Author Date

2026-03-15

Degree Name

BS

Department

Management

College

Marriott School of Management

Defense Date

2026-03-09

Publication Date

2026-03-15

First Faculty Advisor

Jeff Dyer

First Faculty Reader

David J. Bryce

Honors Coordinator

Mark H. Hansen

Keywords

Platform strategy, Network effects, Multi-sided markets, Platform ecosystems, Big Tech, Innovation platforms

Abstract

This thesis examines how large digital platform firms evolve by adding new platform types over time. Using the four-type framework developed by Bryce, Dyer, and Van Alstyne—transaction, connection, innovation, and collaboration—I trace the platform histories of seven firms: Apple, Alphabet, Microsoft, Amazon, Meta, Tencent, and Alibaba.

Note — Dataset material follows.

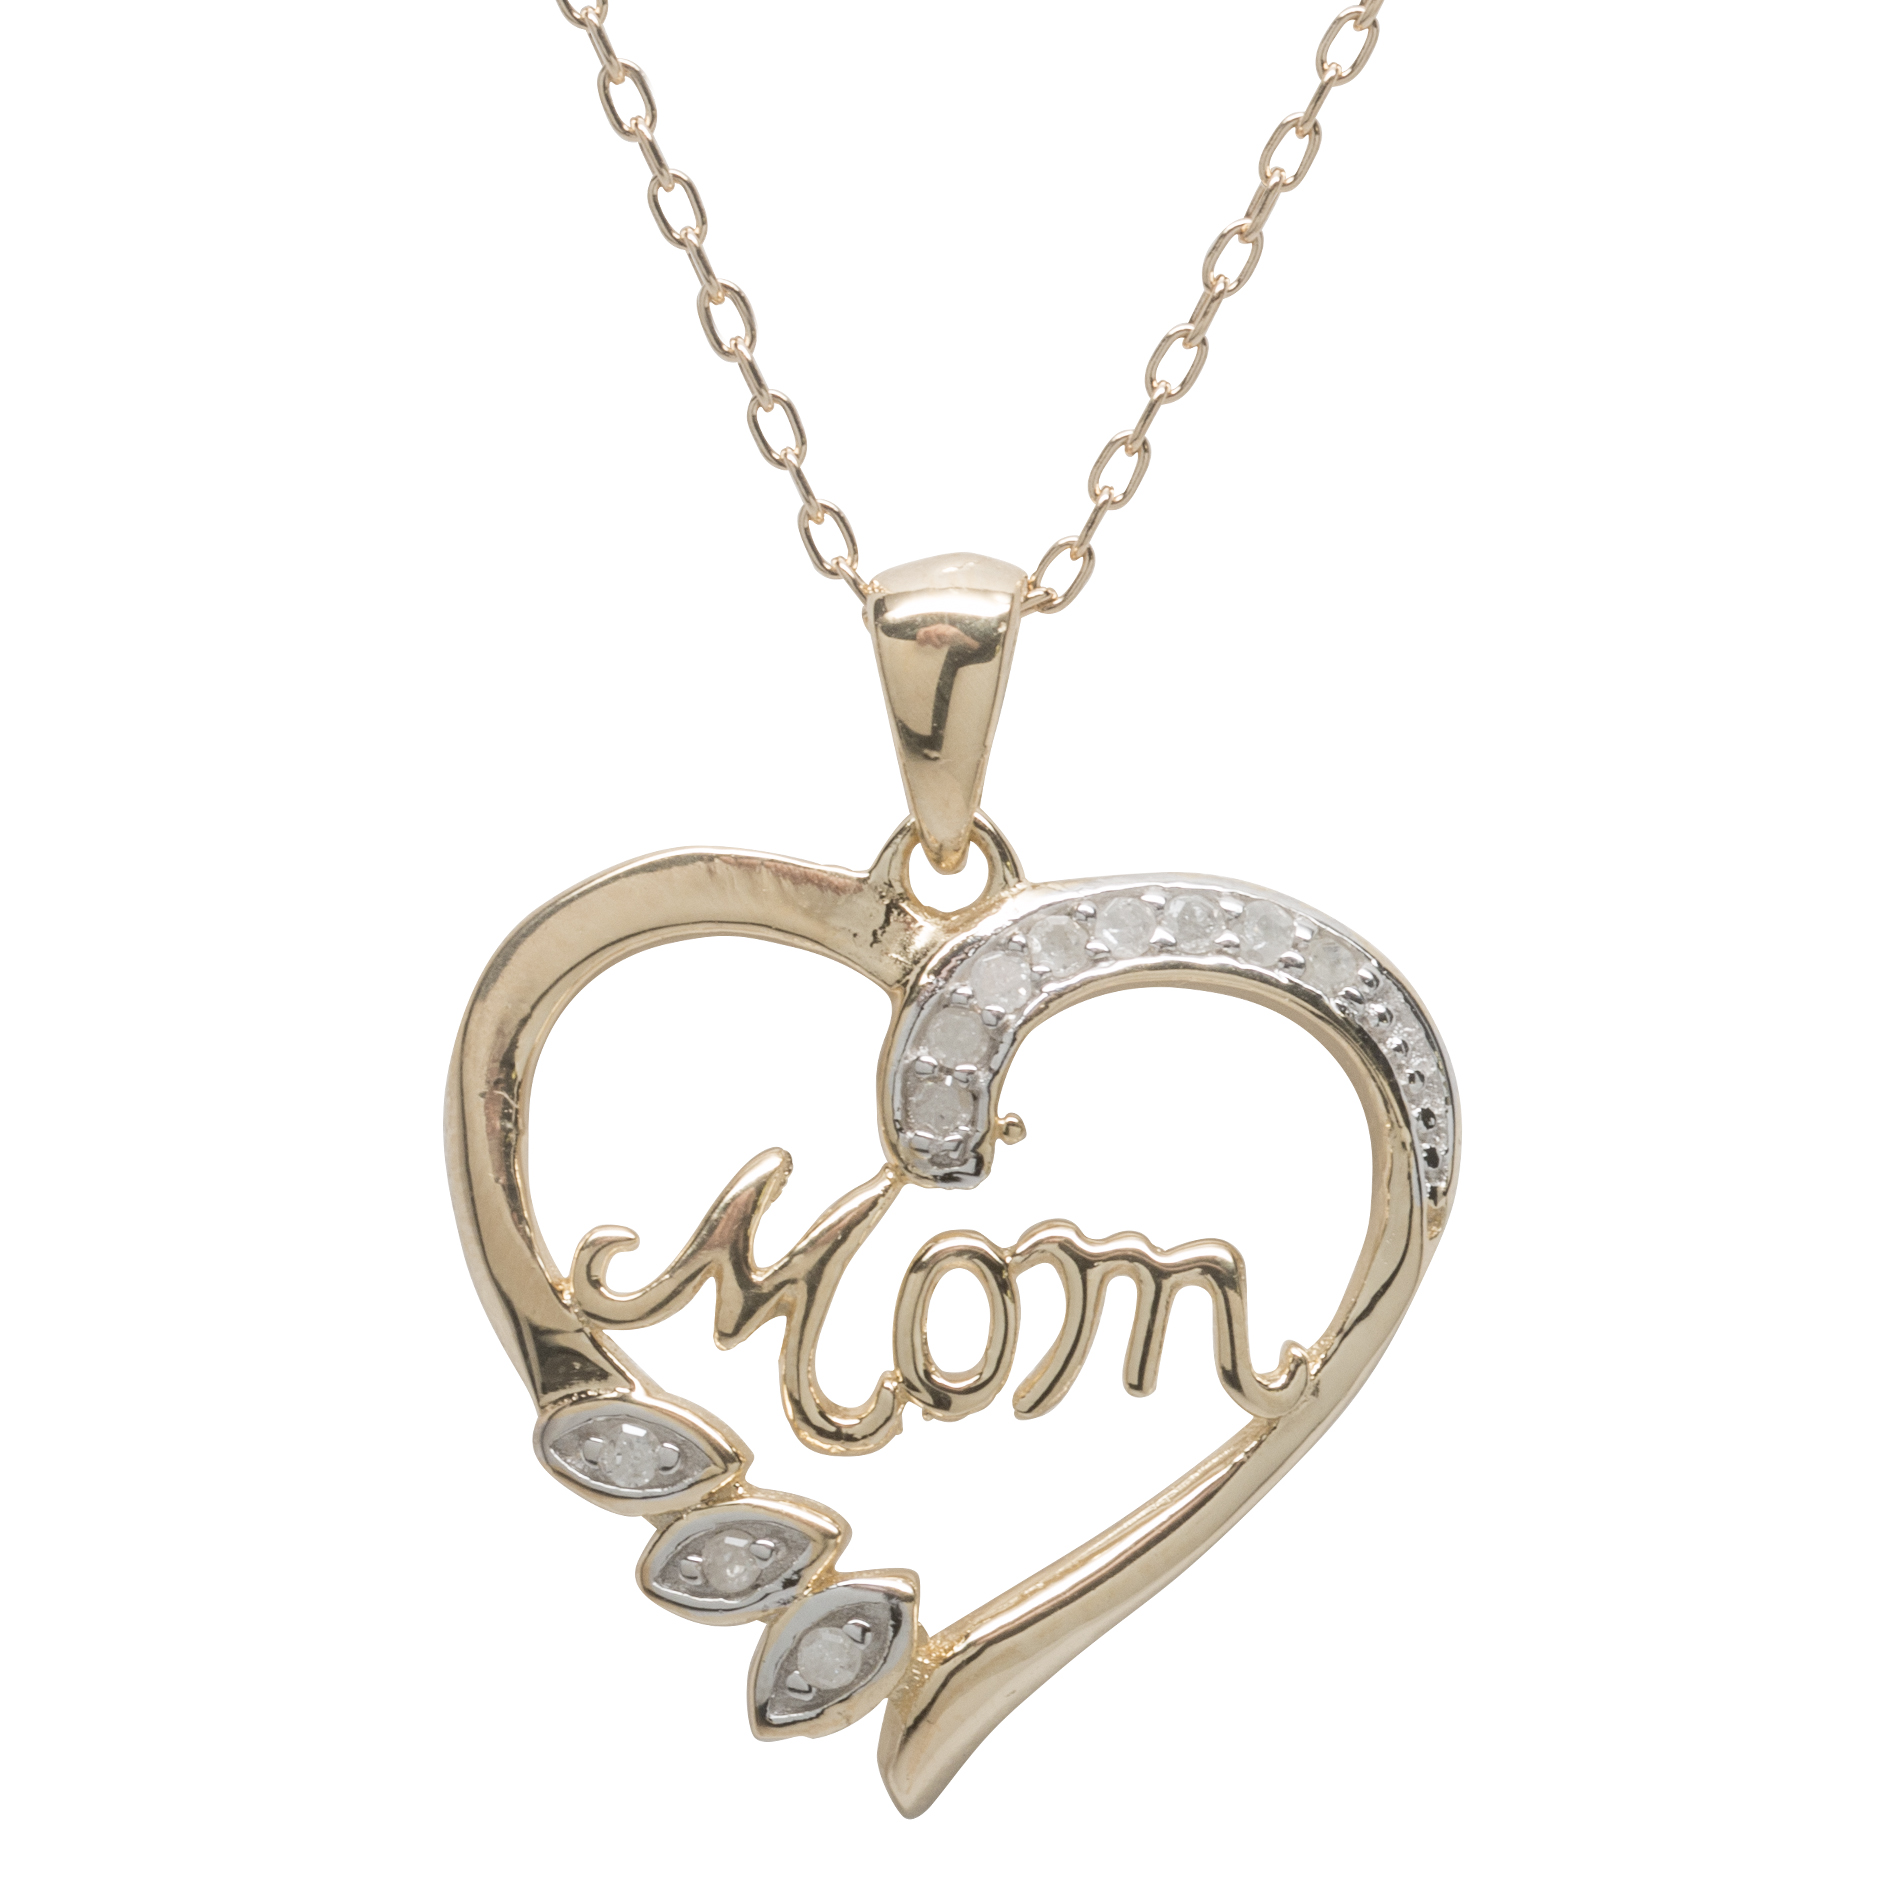 EXTRA 20% Off Jewelry for Mother’s Day at Kmart!

For each firm, I classify every qualifying platform event as a base platform, a stacking move (a new interaction that draws on an existing platform's users or architecture), or a standalone platform (a new platform that operates independently). Across seventy-plus events, four findings emerge:

  1. Firms stack new platform types in predictable sequences shaped by their starting position: connection-first firms stack innovation before transaction, transaction-first firms deepen commerce before stacking outward, and innovation-first firms add connection before transaction.
  2. The most common stacking combination is innovation onto innovation, reflecting the modularity that makes innovation platforms easy to extend.
  3. Firms cluster around similar moves at the same time—cloud infrastructure (2006–2009), mobile ecosystems (2007–2011), open-source AI (2023), and agentic AI (2024–2026)—driven by shifts in the macro technological environment rather than internal sequencing logic.
  4. Early stacking moves focus on scaling participation, while later stacking moves focus on governing how value flows through the ecosystem. No dominant shift (where an existing platform fundamentally changes its type) was observed. The findings suggest that platform evolution depends on adding platforms with synergistic capabilities and tightening governance rather than transforming existing platforms.